Golden Nyoman, Mahadewa Tjokorda Gde Bagus, Aryanti Citra, Widyadharma I Putu Eka
Department of Neurosurgery, Faculty of Medicine, Udayana University, Sanglah General Hospital, Bali, Indonesia.
Department of Neurology, Faculty of Medicine, Udayana University, Sanglah General Hospital, Bali, Indonesia.
Open Access Maced J Med Sci. 2018 Nov 15;6(11):2239-2244. doi: 10.3889/oamjms.2018.432. eCollection 2018 Nov 25.
The pathogenesis of inflammatory neuronal cell damage will continue after traumatic brain injury in which contributed to subsequent mortality. Serum S100B levels were shown to be an early predictor of mortality due to traumatic brain injury.
This Meta-Analysis will analyse the mean and diagnostic strength of serum S100B levels between survived and died subjects with head injuries based on the various follow-up times of nine studies.
We conducted a meta-anelysis in accordance with PRISMA guidelines and adhering to Cochrane Handbook for Systematic Review of Interventions.
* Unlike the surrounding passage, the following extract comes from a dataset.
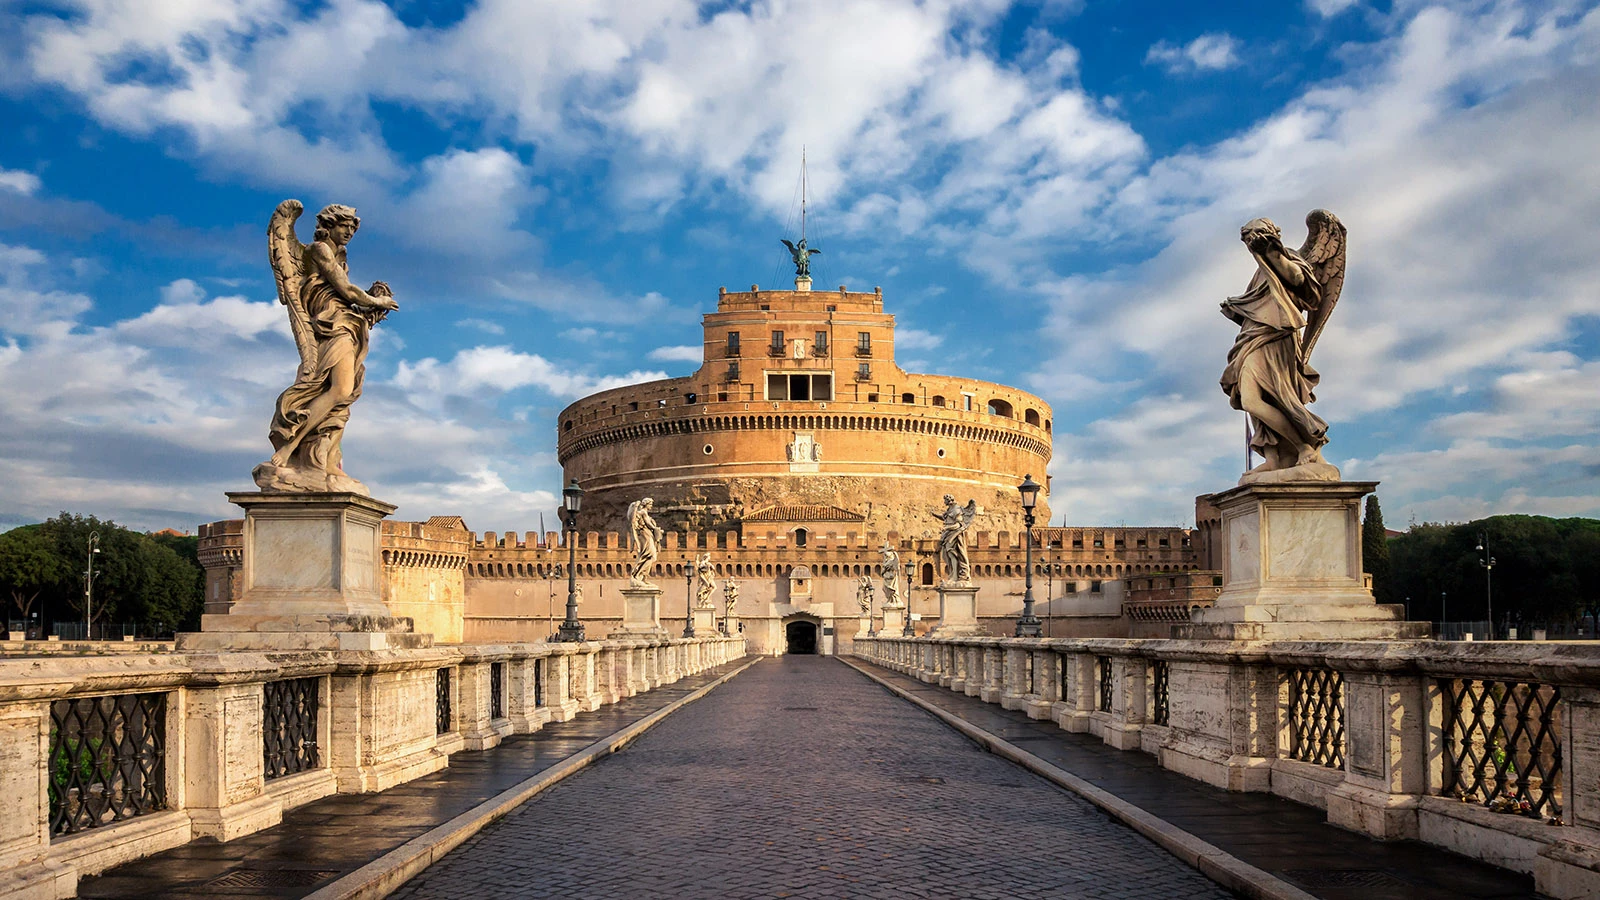 <p>На фото: замок&nbsp;Кастель Сант-Анджело, или мавзолей Адриана, построенный в Древнем Риме, в настоящее время является туристической достопримечательностью Италии</p>

Literature search was conducted on March 16, 2018 from Medline and Scopus in the past 10 years, using various keywords related to S100, brain injury, and outcome. Duplicate journals were sorted out via EndNote. Included articles were as follows: original data from the group, clinical trials, case series, patients undergoing serum S100B levels with both short- and long-term follow-up mortality. Data were collected for mortality, serum S100B levels, and its diagnostic strength. All data were analyzed using Review Manager 5.3 (Cochrane, Denmark).
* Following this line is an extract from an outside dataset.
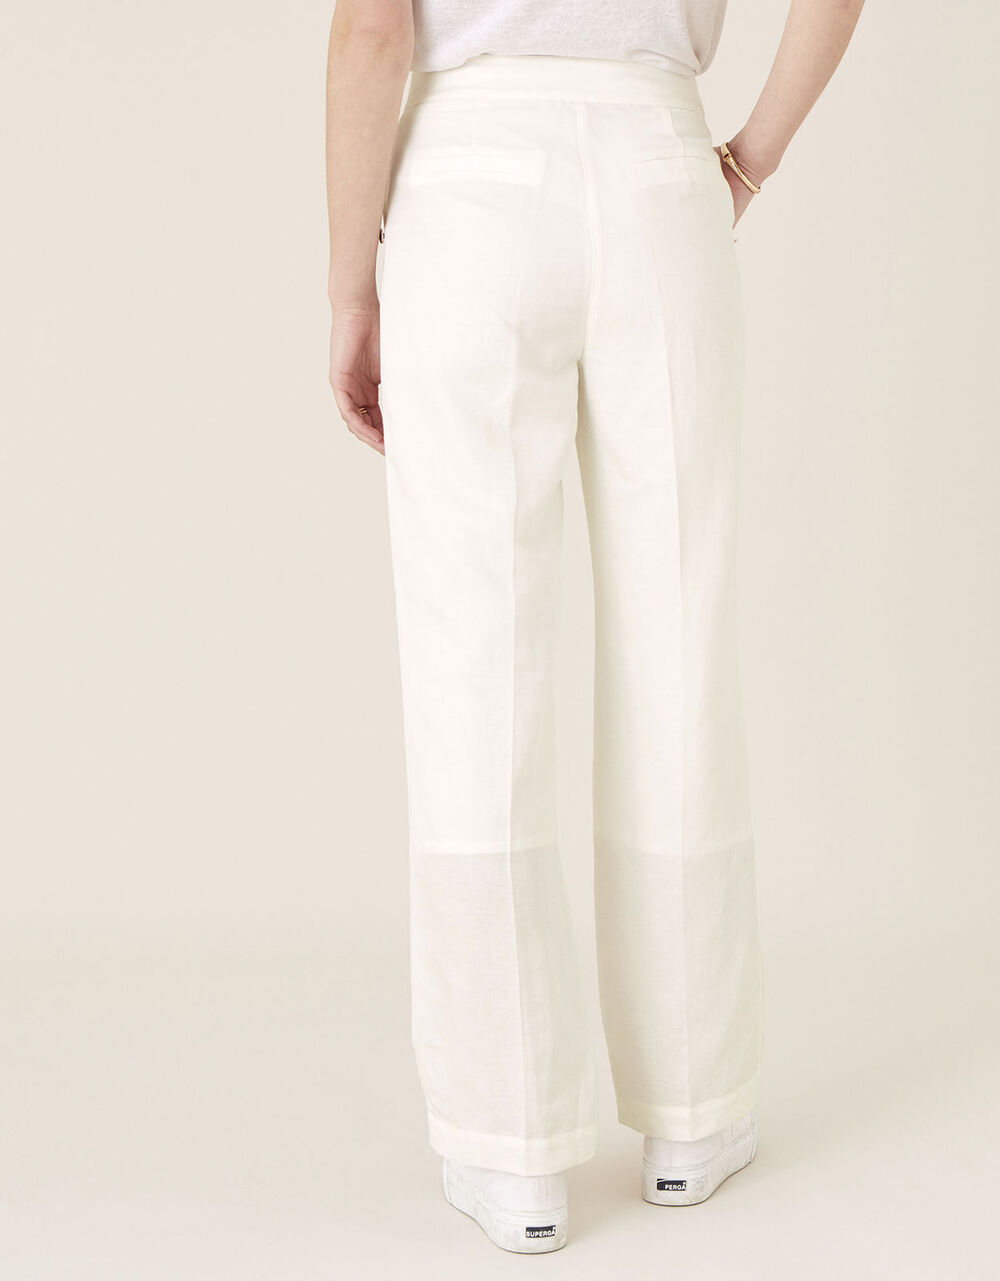 Smart Shorter Length Trousers in Linen Blend White | Trousers ...

The results of the meta-analysis showed a significant difference in S100B levels between survived and died subjects with head injuries on overall follow-up timeline (0.91, 95.9% CI 0.7-1.12, I2 = 98%, p < 0.001), during treatment (1.43, 95% CI 0.97 to 1.89, I2 = 98%, p < 0.001), or 6 months (0.19; 95%CI 0.1-0.29, I2 = 76%, p < 0.001) with an average threshold value that varies according to the study method used. The mean diagnostic strength was also promising to predict early mortality (sensitivity of 77.18% and 92.33%, specificity of 78.35% and 50.6%, respectively).
S100B serum levels in the future will be potential biomarkers, and it is expected that there will be standardised guidelines for their application.
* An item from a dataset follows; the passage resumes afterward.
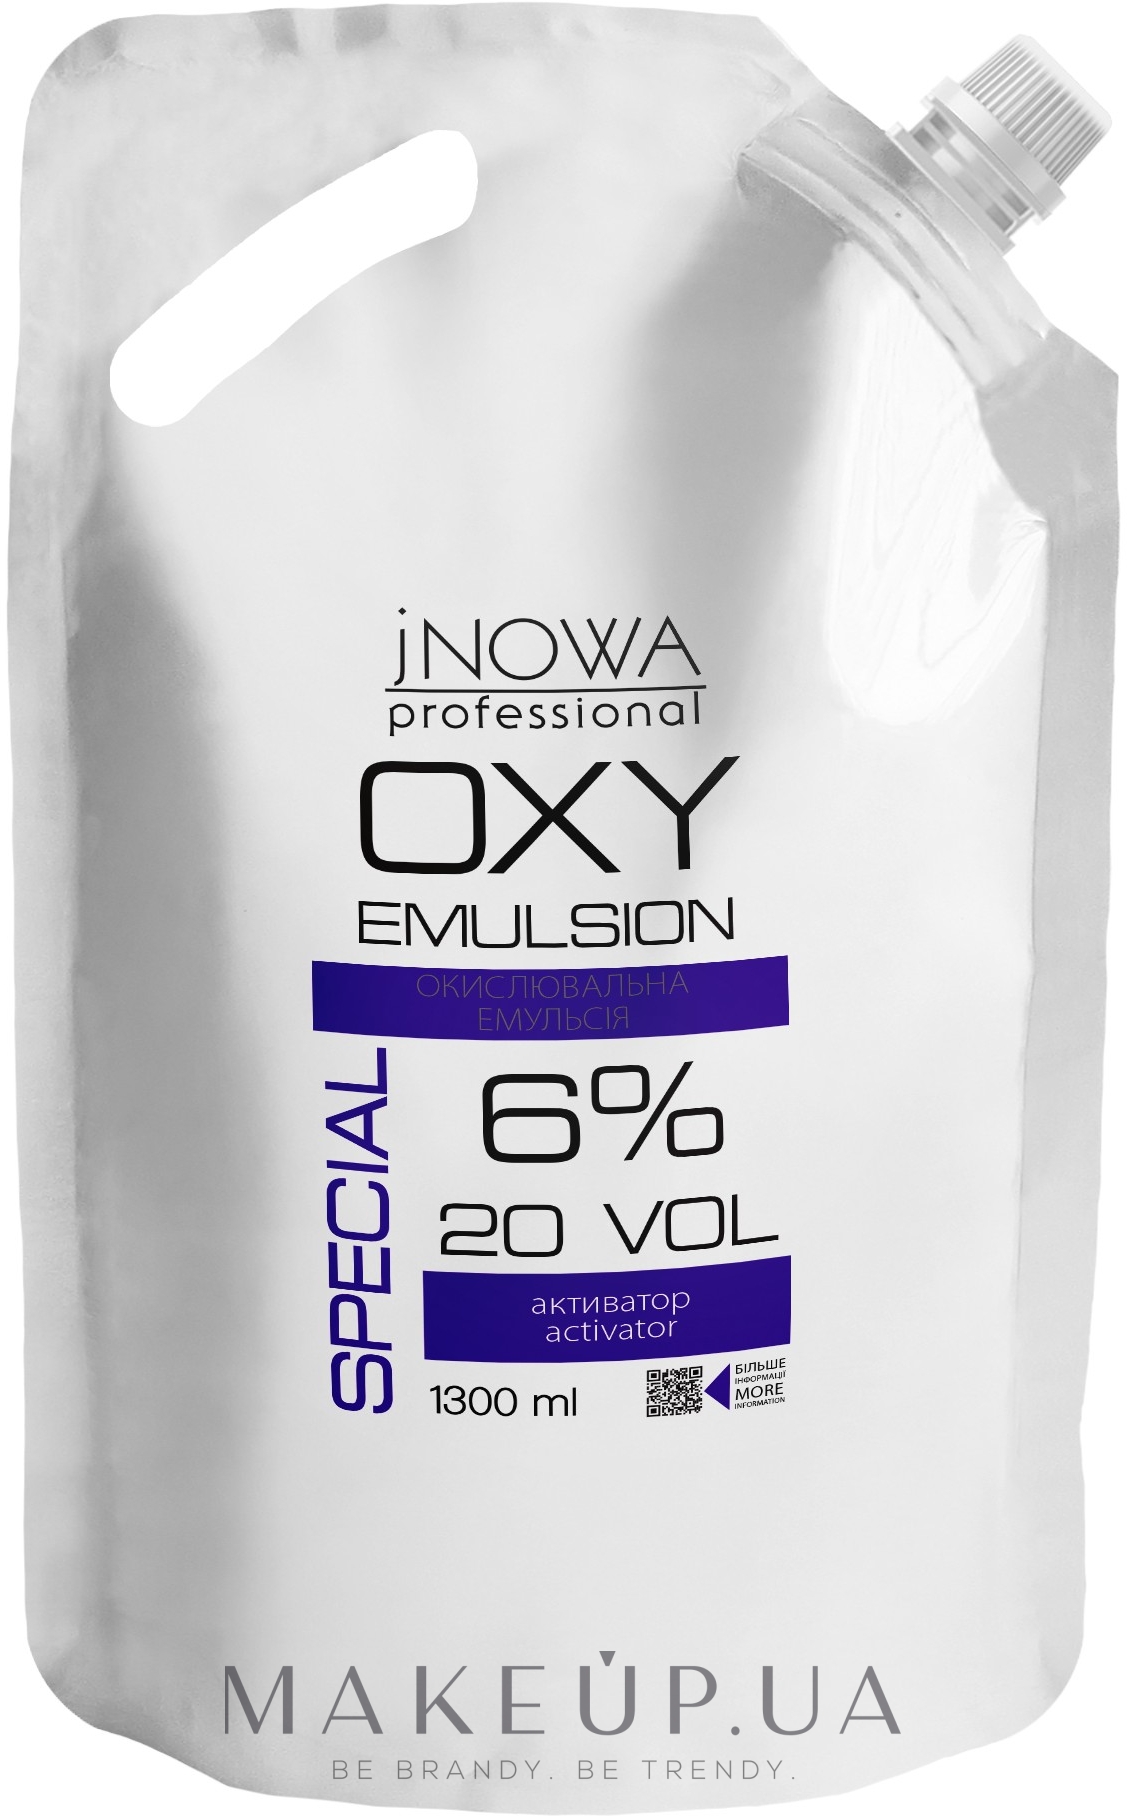 Окислительная эмульсия 6% - jNOWA Professional OXY Emulsion Special 20 vol (дой-пак) — фото 1300ml

炎症性神经元细胞损伤的发病机制在创伤性脑损伤后仍会持续,这会导致后续死亡率升高。血清S100B水平被证明是创伤性脑损伤所致死亡率的早期预测指标。
本Meta分析将基于9项研究的不同随访时间,分析头部受伤存活者与死亡者血清S100B水平的均值及诊断强度。
我们按照PRISMA指南并遵循Cochrane干预措施系统评价手册进行Meta分析。于2018年3月16日在过去10年的Medline和Scopus数据库中进行文献检索,使用与S100、脑损伤和结局相关的各种关键词。通过EndNote整理重复期刊。纳入的文章如下:来自该组的原始数据、临床试验、病例系列、接受血清S100B水平检测且有短期和长期随访死亡率的患者。收集死亡率、血清S100B水平及其诊断强度的数据。所有数据使用Review Manager 5.3(丹麦Cochrane)进行分析。
Meta分析结果显示,在总体随访时间线(0.91,95.9%CI 0.7 - 1.12,I2 = 98%,p < 0.001)、治疗期间(1.43,95%CI 0.97至1.89,I2 = 98%,p < 0.001)或6个月时(0.19;95%CI 0.1 - 0.29,I2 = 76%,p < 0.001),头部受伤存活者与死亡者的S100B水平存在显著差异,平均阈值根据所使用的研究方法而有所不同。平均诊断强度在预测早期死亡率方面也很有前景(敏感性分别为77.18%和92.33%,特异性分别为78.35%和50.6%)。
未来S100B血清水平将成为潜在的生物标志物,预计会有关于其应用的标准化指南。